**Dataset section**
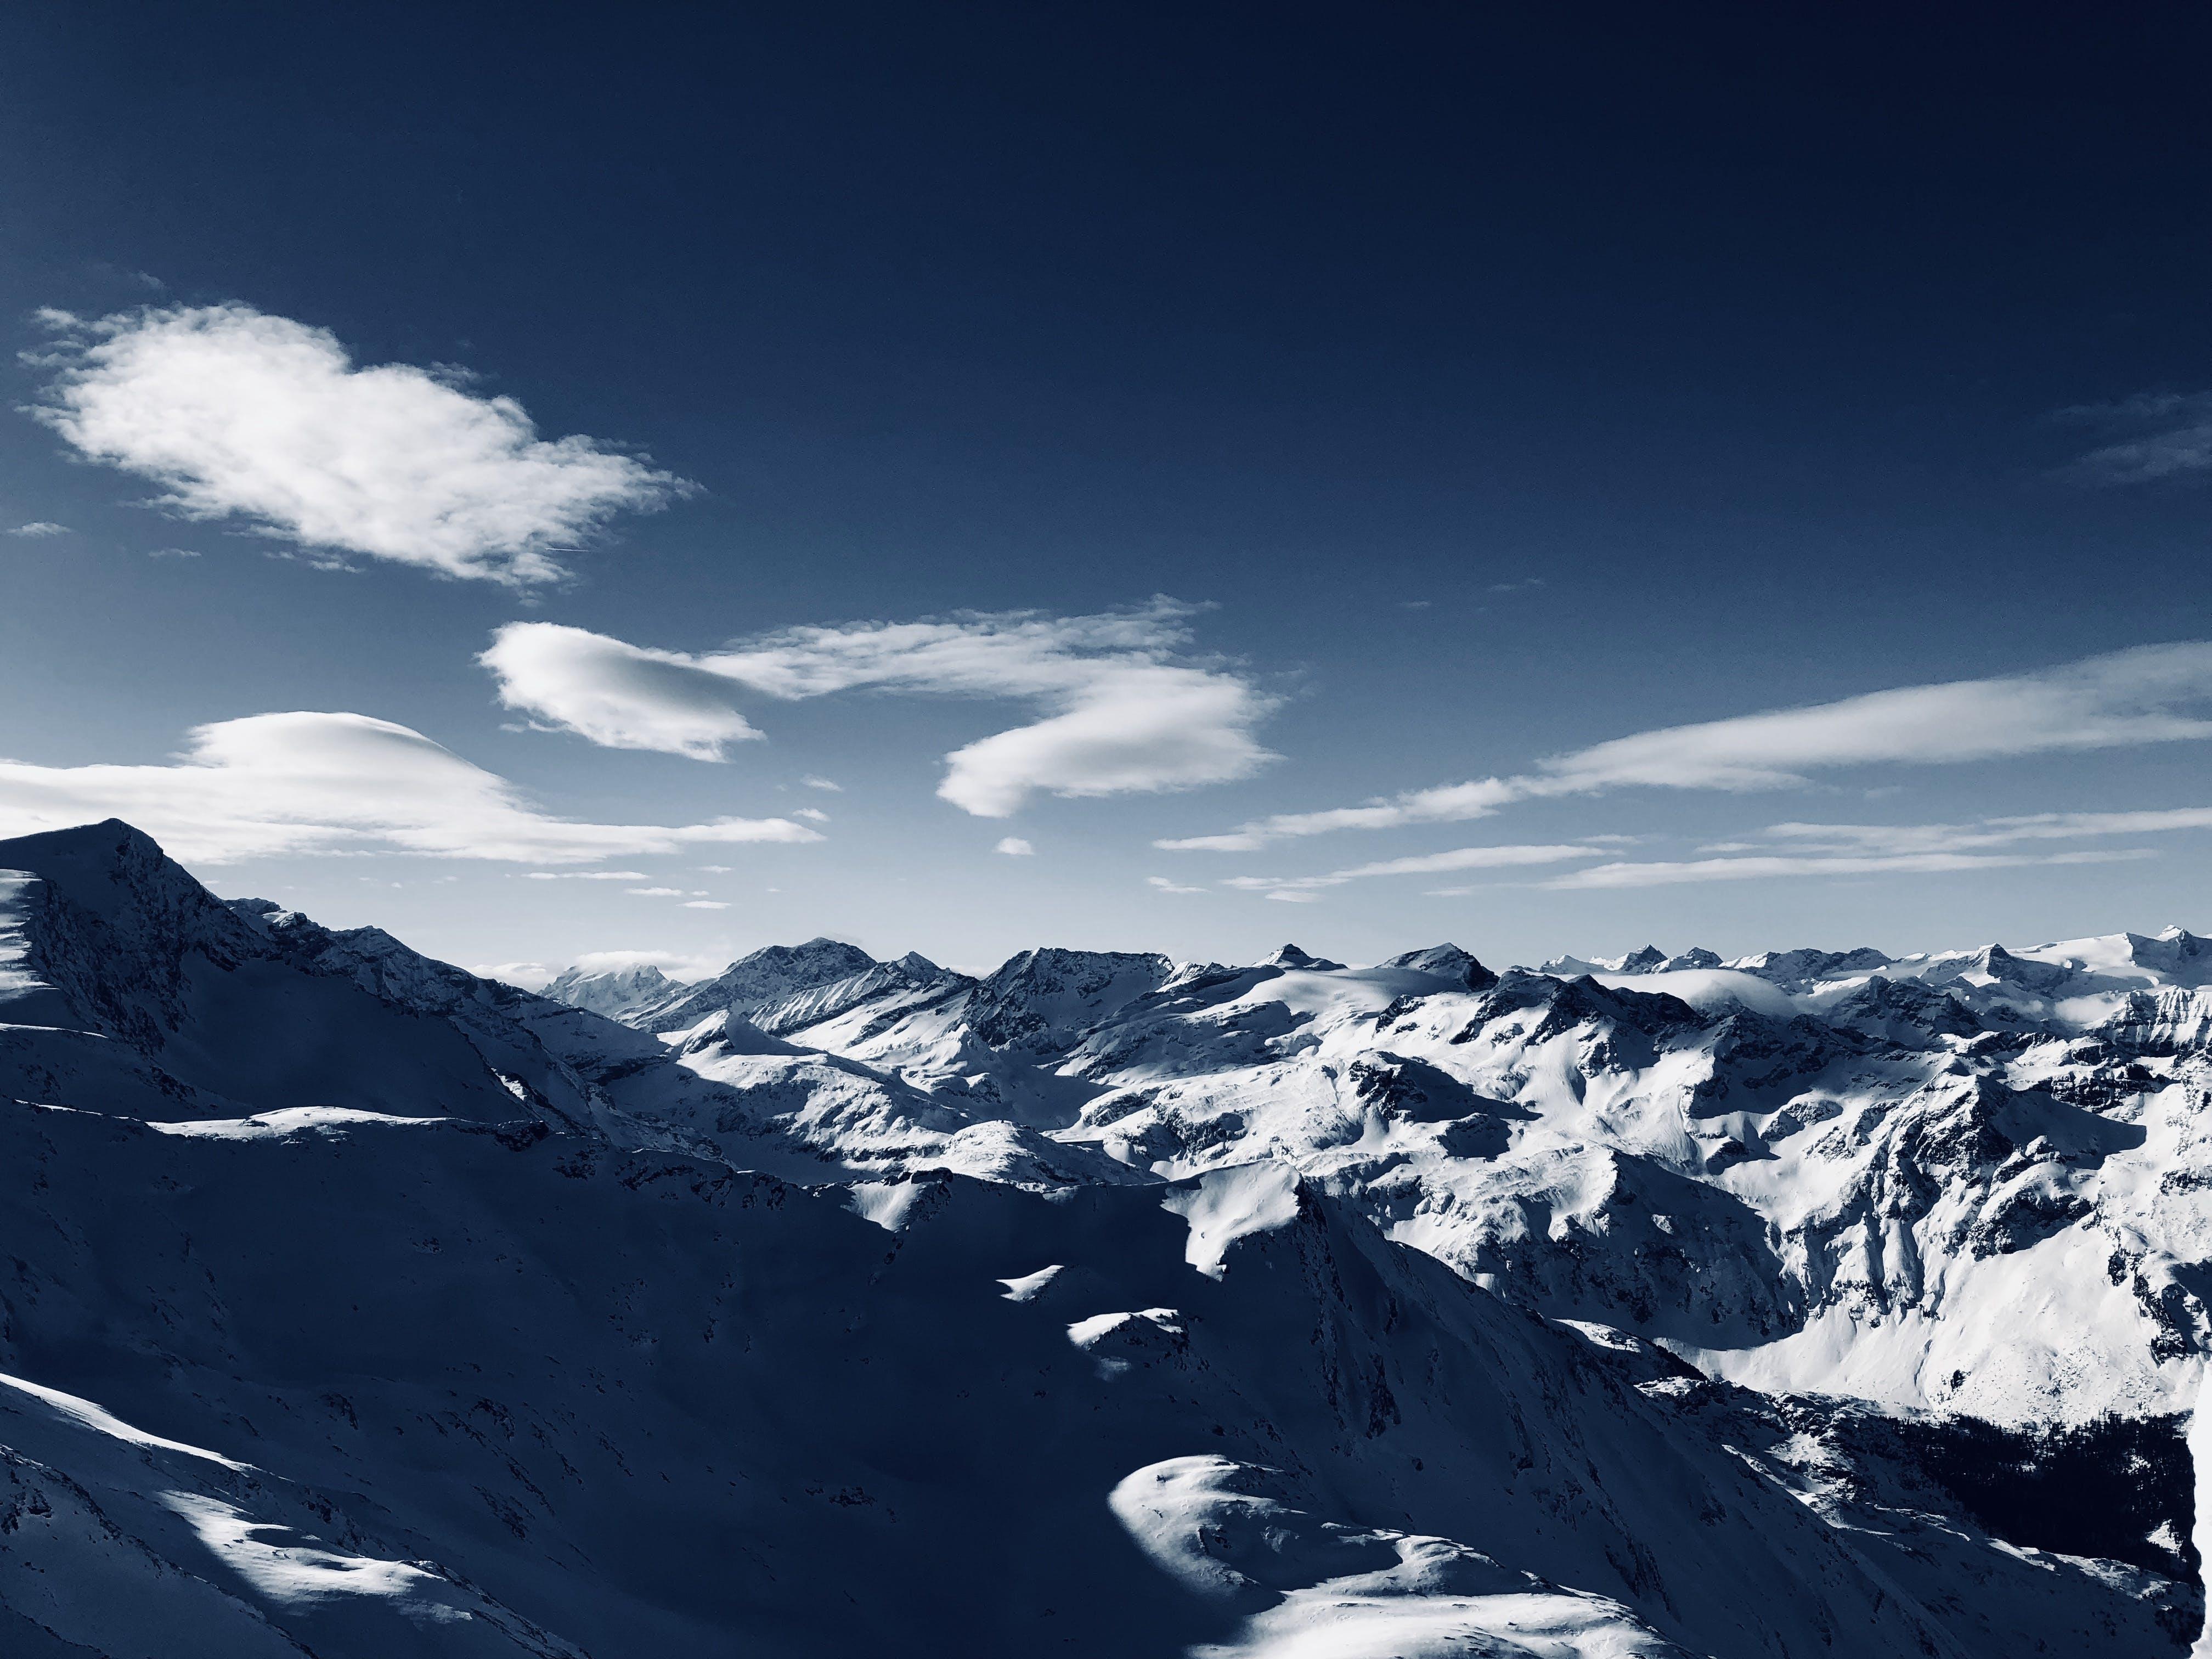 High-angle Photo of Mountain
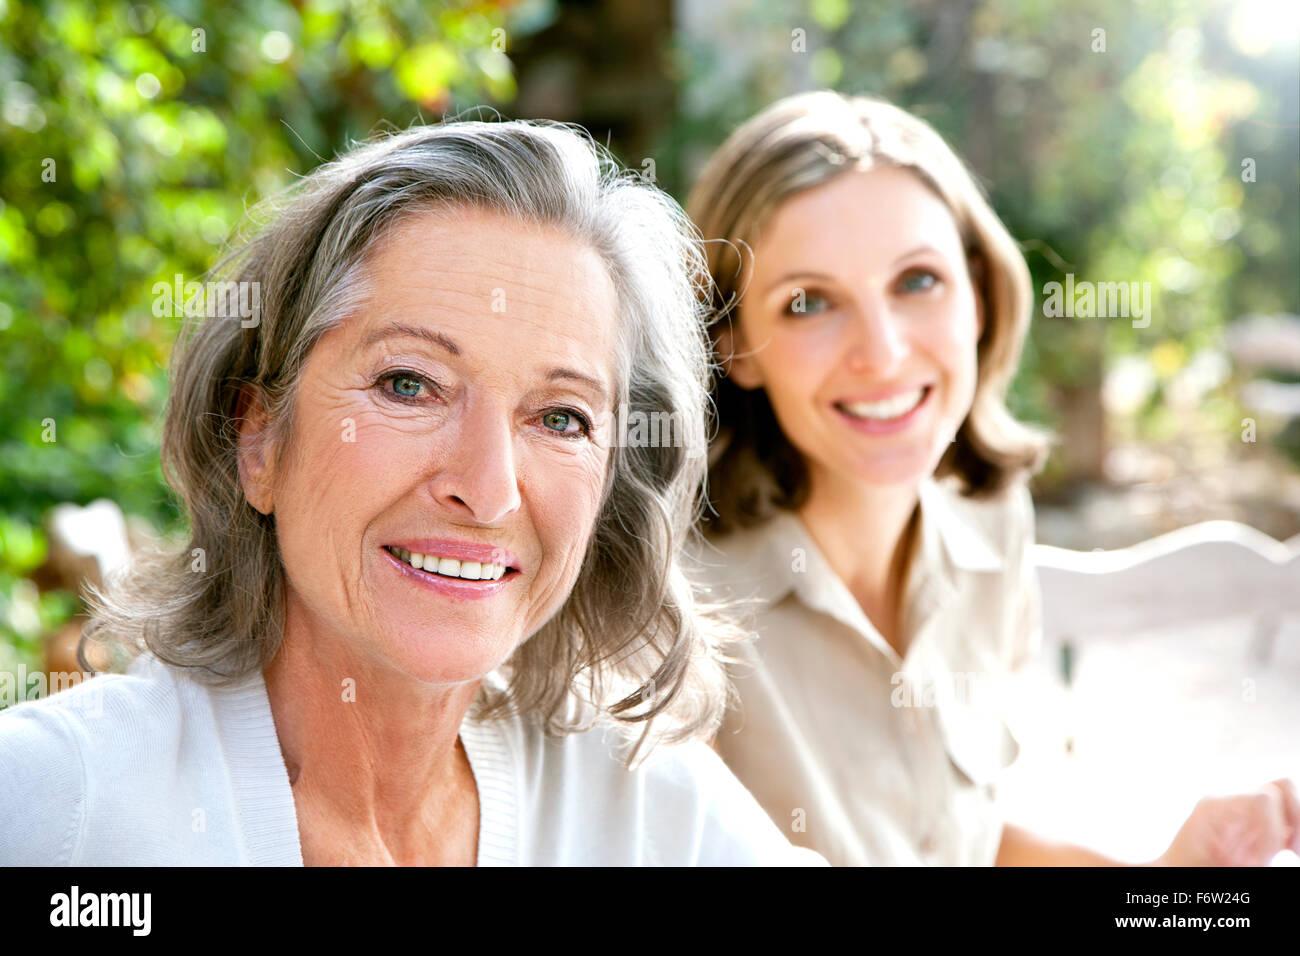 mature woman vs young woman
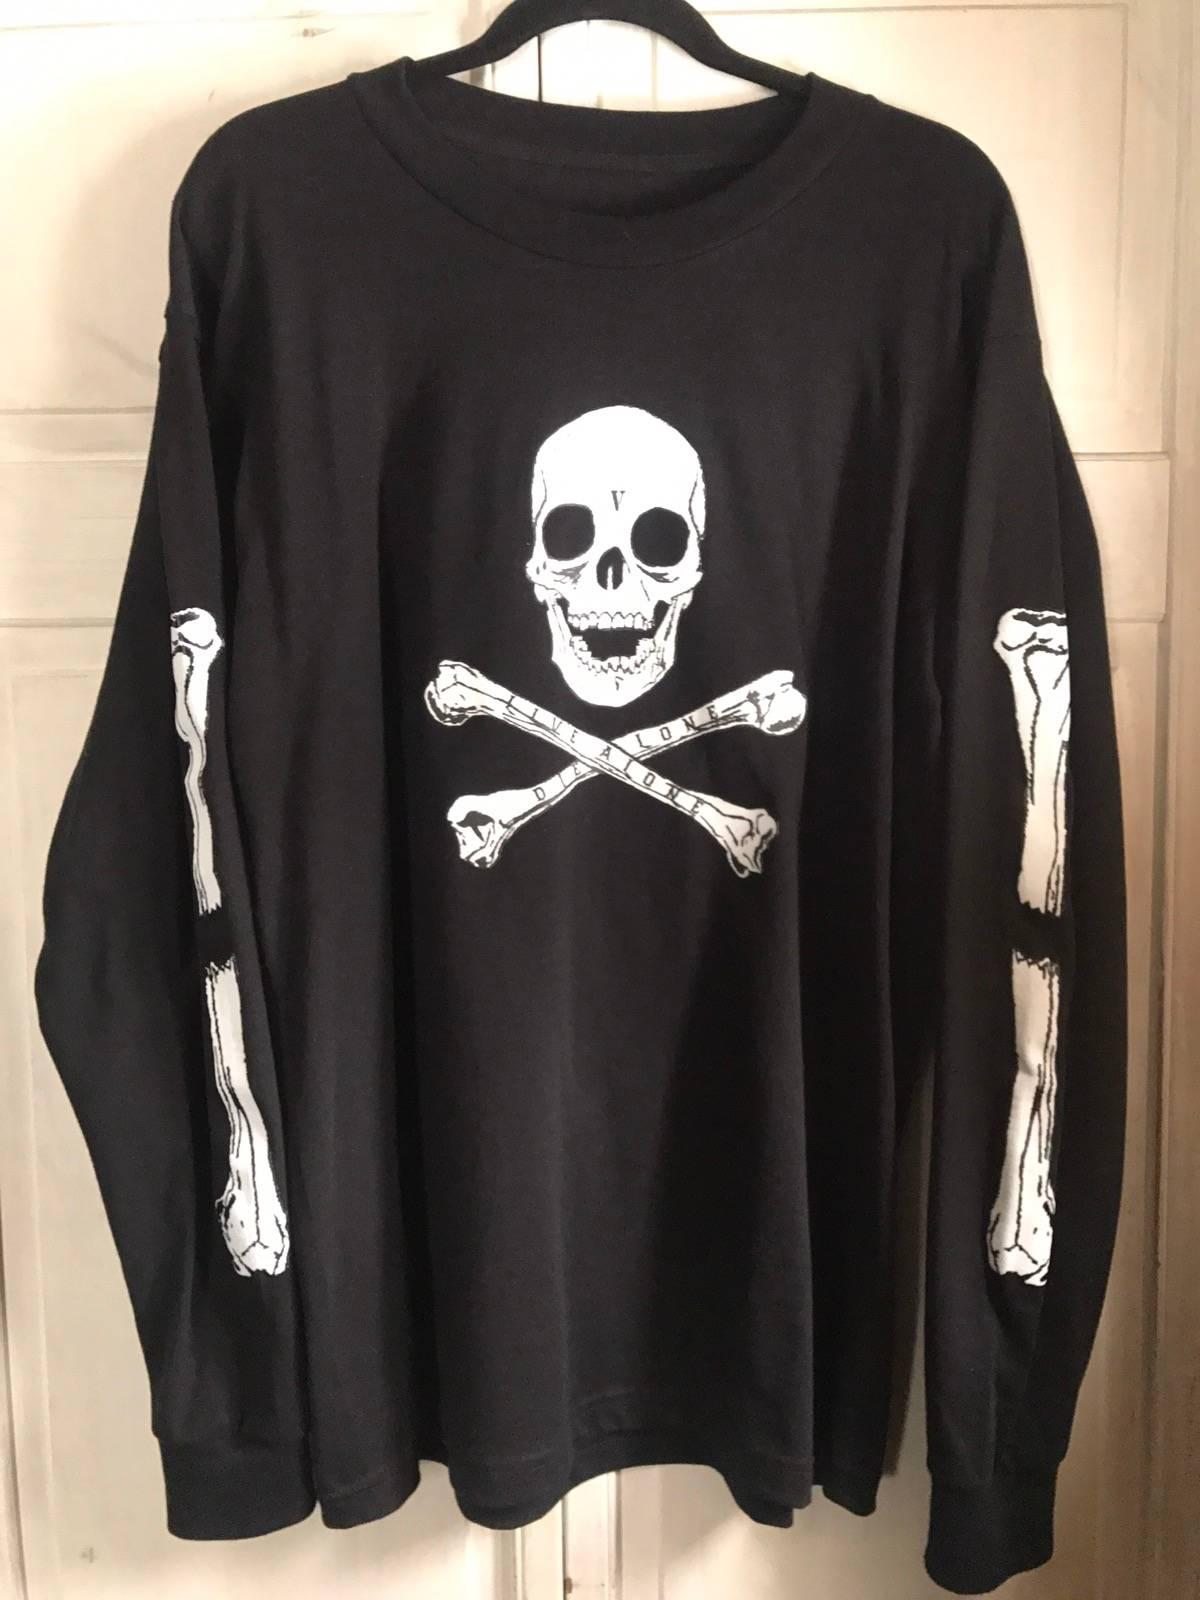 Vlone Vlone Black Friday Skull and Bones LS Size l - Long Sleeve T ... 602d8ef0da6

**Problem details**
Since the pictures are not wanted, repeat only the rest of the material, exactly as given.

**Result for this exercise**
 High-angle Photo of Mountain
 mature woman vs young woman
 Vlone Vlone Black Friday Skull and Bones LS Size l - Long Sleeve T ... 602d8ef0da6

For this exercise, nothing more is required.